Windows – Computer won’t recognize new hard drive

external hard drivehard drivewindowswindows 7windows 8

I have a 1TB external drive. It is actually an internal laptop drive I got out of my old HP Pavillion DV7 which I broke. I liked that computer so much I found the exact same model on eBay and bought it again. (By the way, the eBay laptop came with a 1TB Seagate drive, but the original one had a 1TB Toshiba drive) I have a copy of windows 8 I got for free as a student. I have Windows 7. I want to upgrade to Windows 8, but I want to be able to go back to Windows 7 at any time.

This was my evil plan:

  1. Create system image of Windows 7 on yet another 2TB external drive I have.
  2. Replace internal dv7 laptop drive with almost identical 1TB drive from old dv7 laptop (so pull it back out of the USB enclosure and stick it in my computer).
  3. use the Windows 7 restore CD to put the contents of my computer on the new drive just like they were on the old drive.
  4. do an in-place install of Windows 8.

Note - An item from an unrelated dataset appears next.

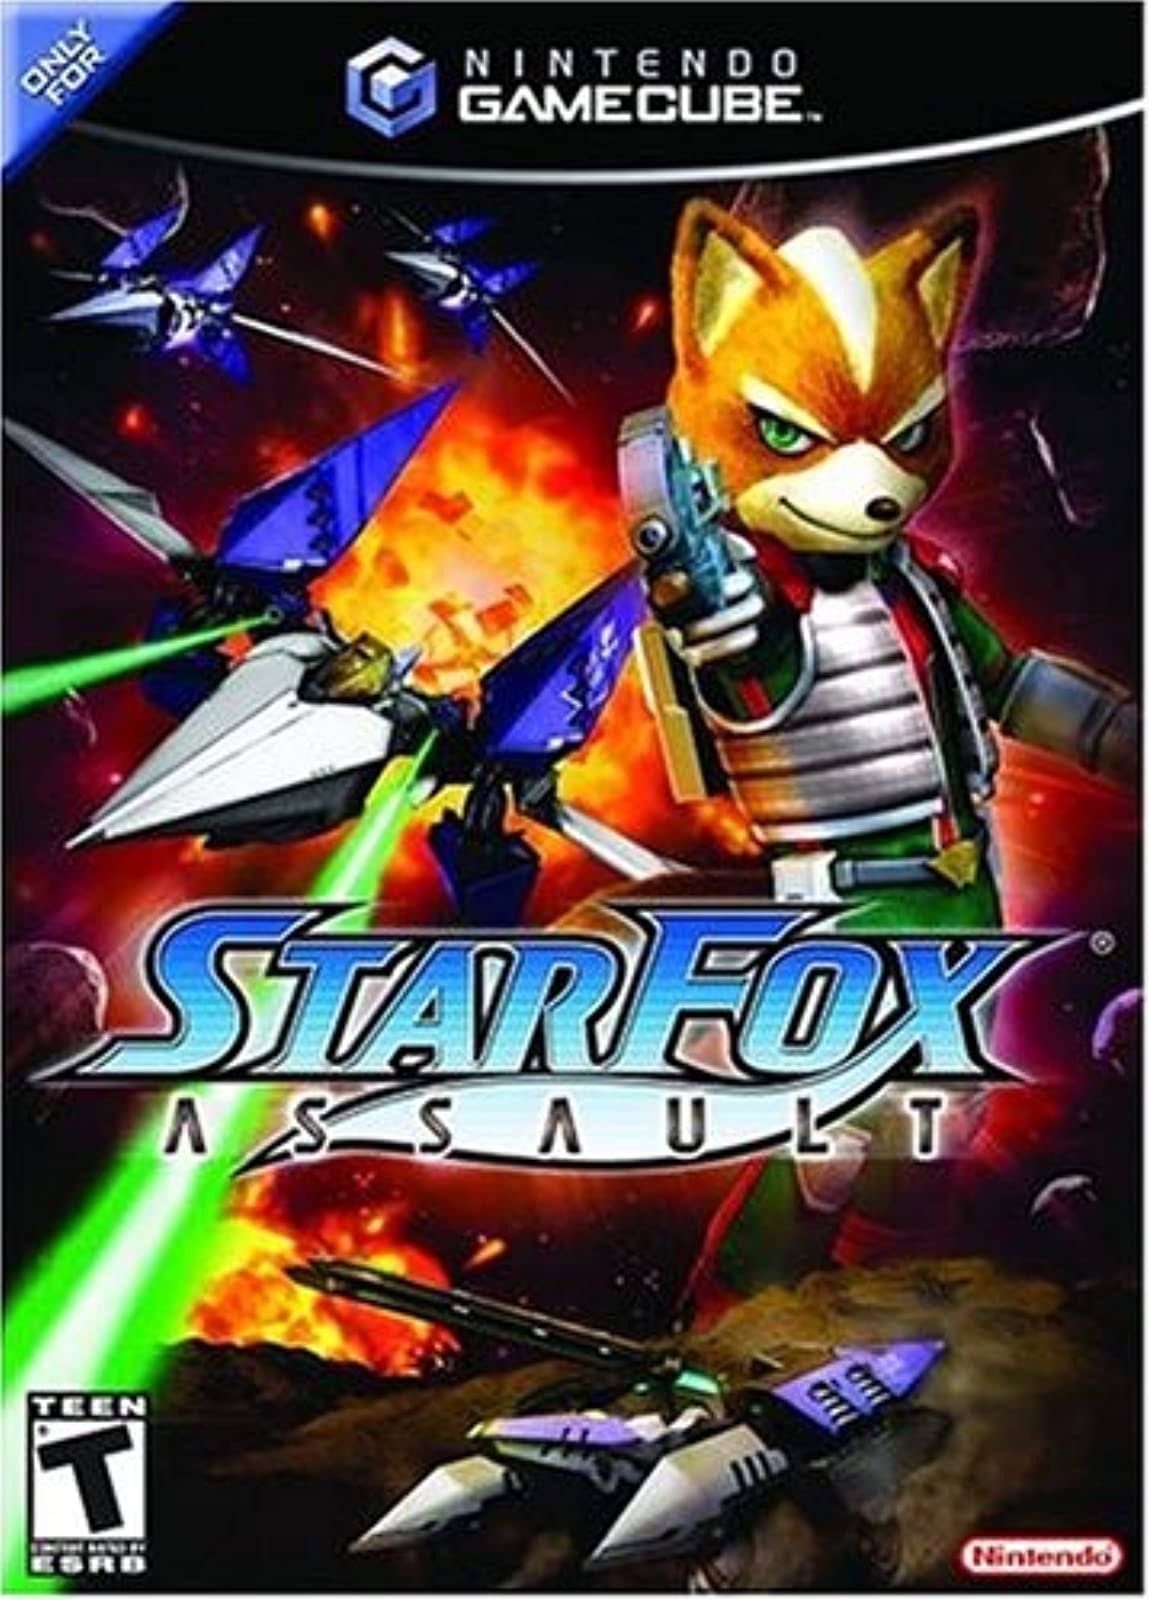 Star Fox: Assault - Nintendo GameCube

That way I would have one hard drive with Windows 8 and one with Windows 7, and I could go back to 7 if I ever wanted.

Problem is, the laptop won't recognize the new hard drive. Both the Ubuntu live CD and the Windows restore CD don't see a hard drive. When I attempt to boot from the hard drive the computer says "Please install an operating system on your hard drive" leading me to believe the BIOS sees a hard drive, but I'm not sure.

I put the drives back how they were before and Windows 7 booted just fine and my data was still on the external-usb-enclosured drive, so the drives are still working.

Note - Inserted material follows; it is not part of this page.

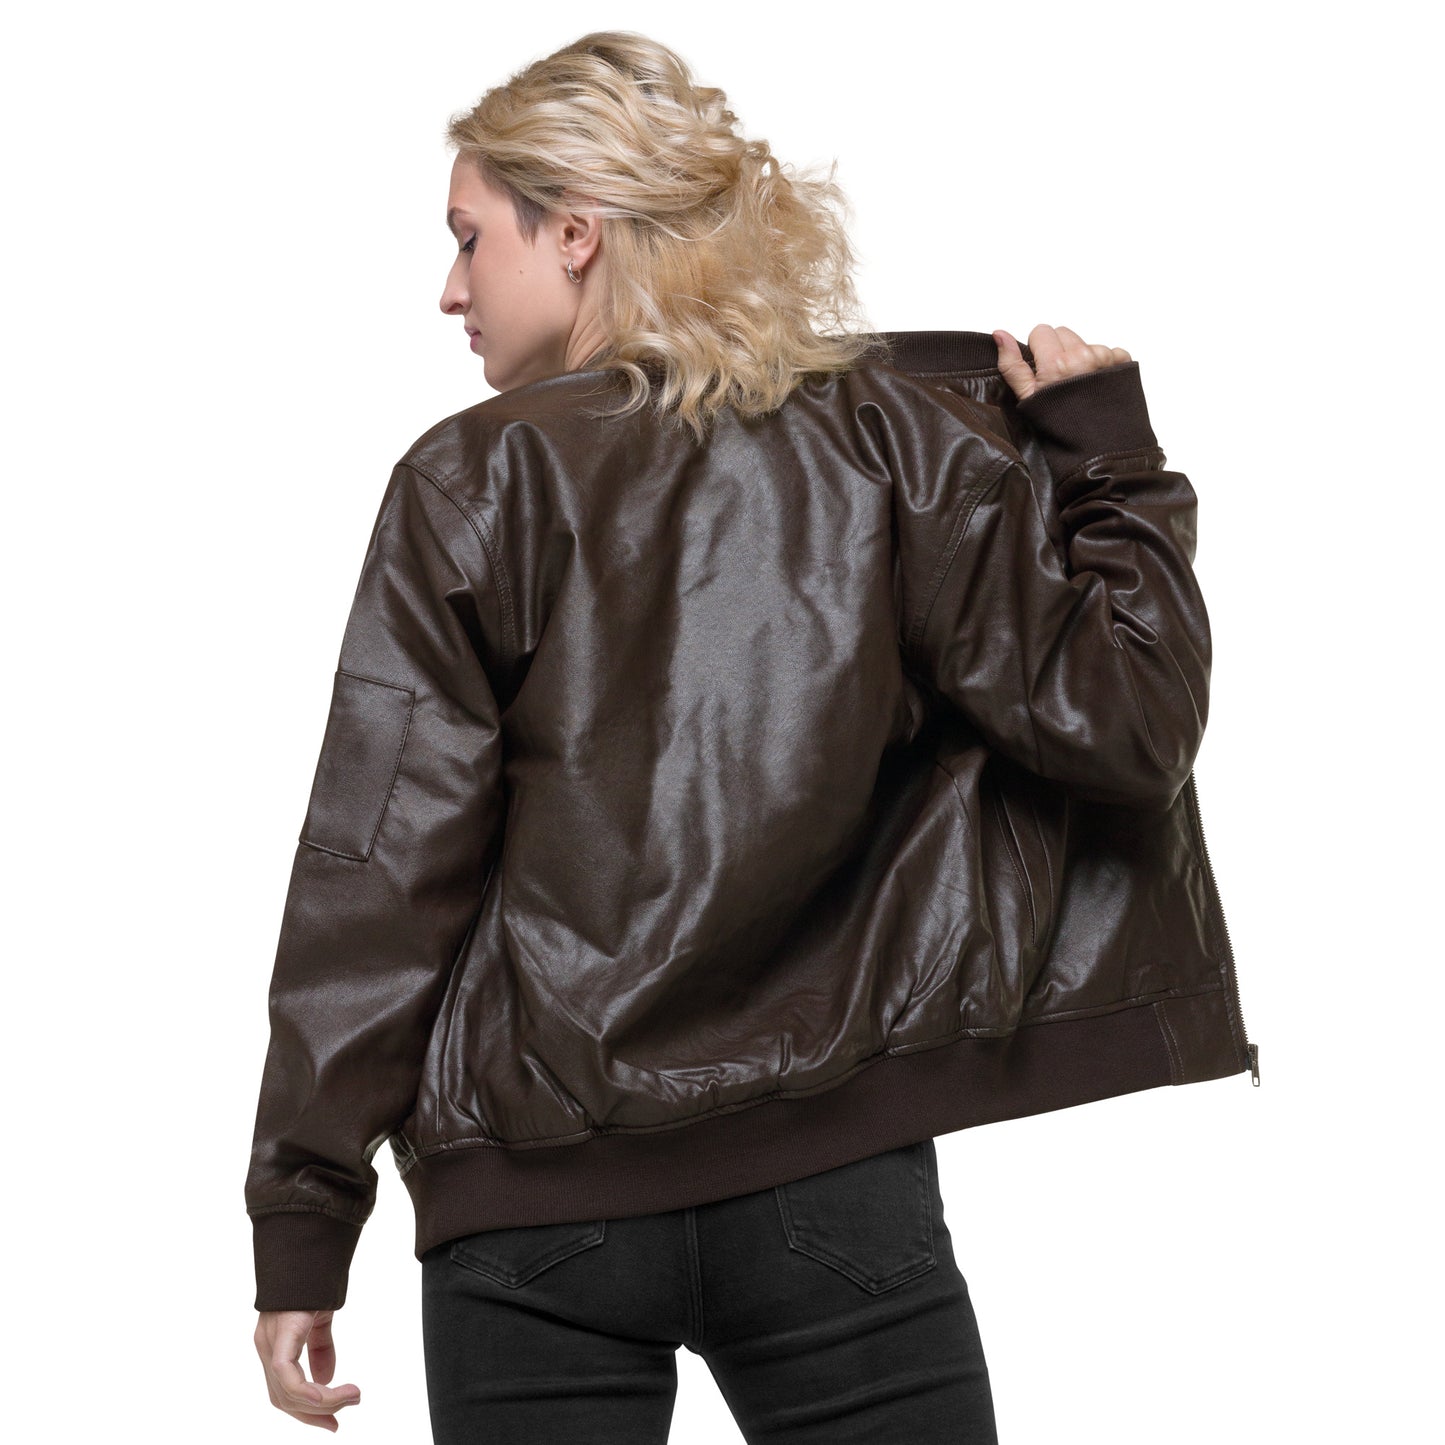 Leather Bomber Jacket - Short & sweet

Sorry if this has been asked before, I did a lot of honest Googling before I asked this. I don't usually post on sites like this.

Best Answer

Based off of your questions, I'm not sure if this answer can comprehensively resolve your situation:

I would suggest externally connecting the drive so that you can check to see if it is formatted. If the drive is not formatted with a file system Windows recognizes, Windows will prompt you upon connection to format said drive.

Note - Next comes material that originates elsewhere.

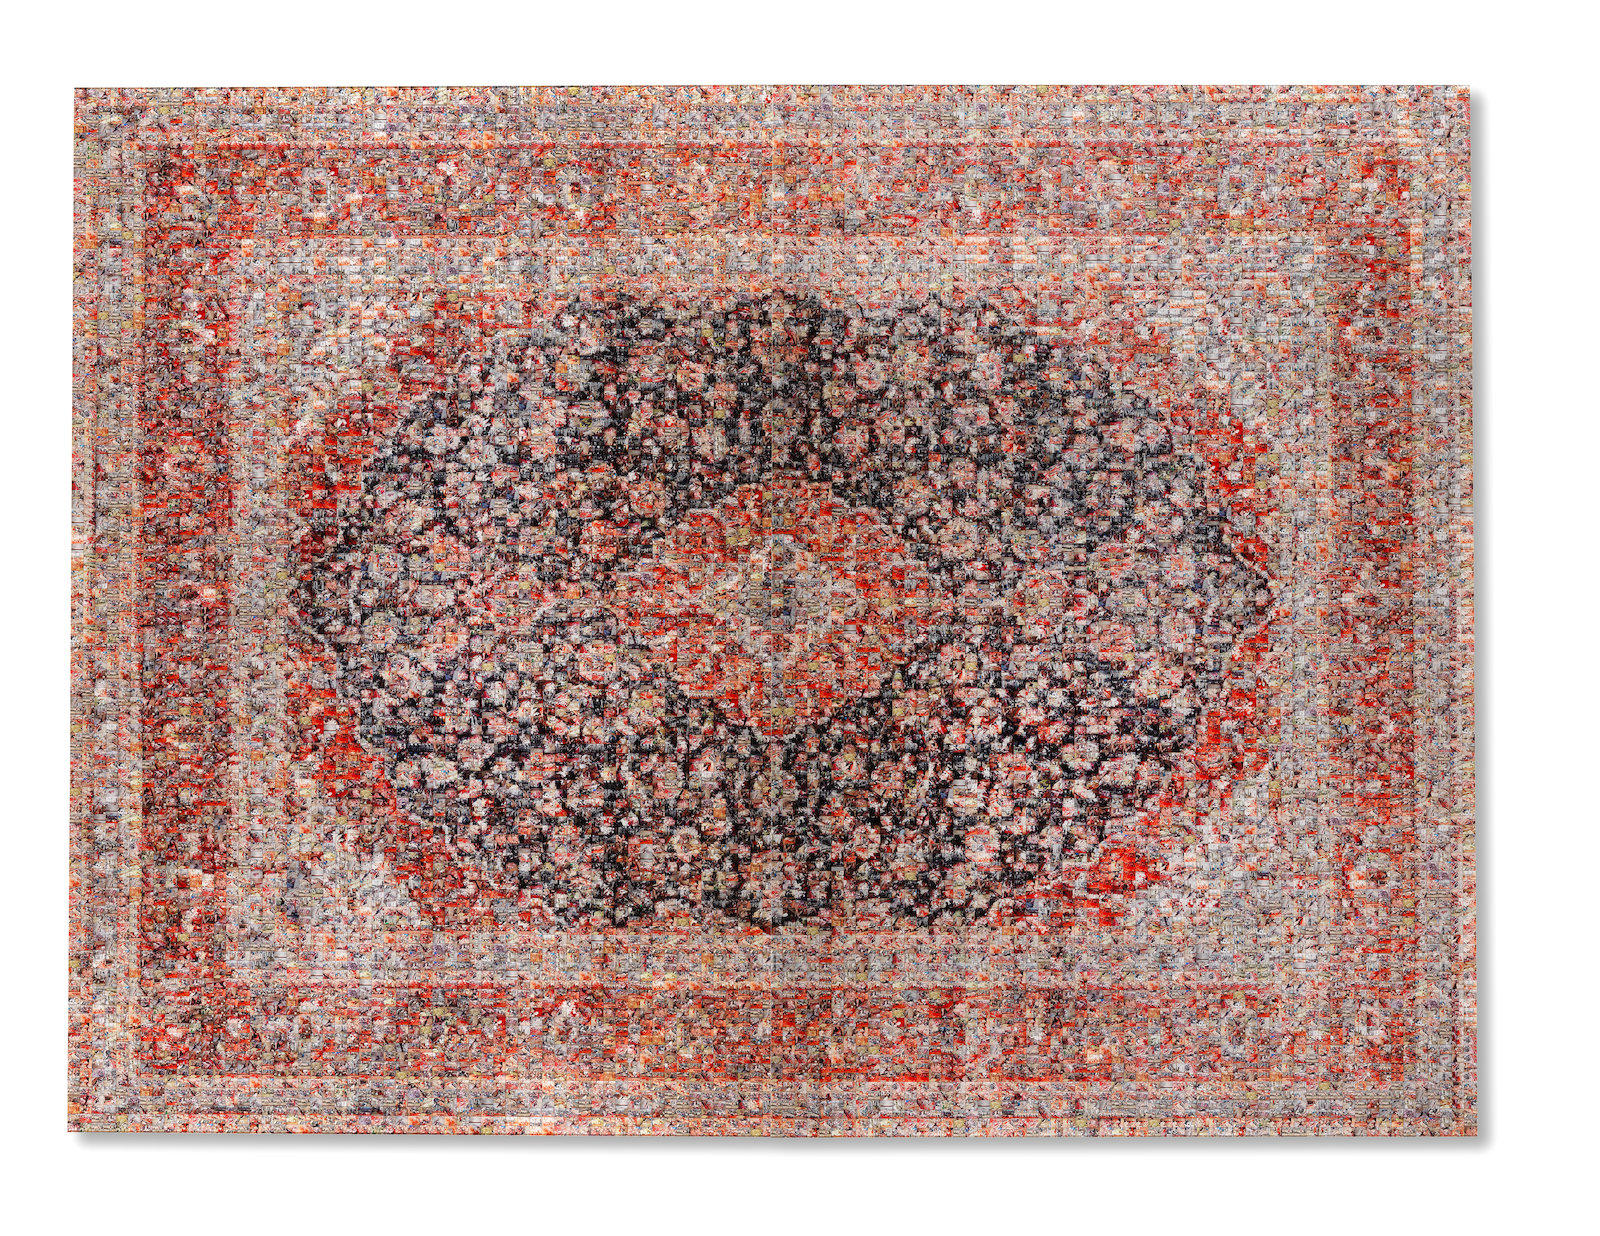 Rashid Rana's Red Carpet art work. Photo Source: Bonhams.com

I think your evil plan is good, but I have a suggestion that may be more effective for your situation:

Clean Install Windows 8 to Dual-Boot Another Operating System

You can initiate a custom install without overwriting your existing Operating System simply by installing the new Operating System on a separate partition. For instructions on how to multiboot click here. If you plan to do this you'll also need to read up on how to Create and format a hard drive partition. Since you want to keep your Windows 7 installation intact, make sure to click and follow the instructions here to perform a clean install on the partition you wish to install Windows 8 on.

My final suggestion would be to use your external drive as a backup.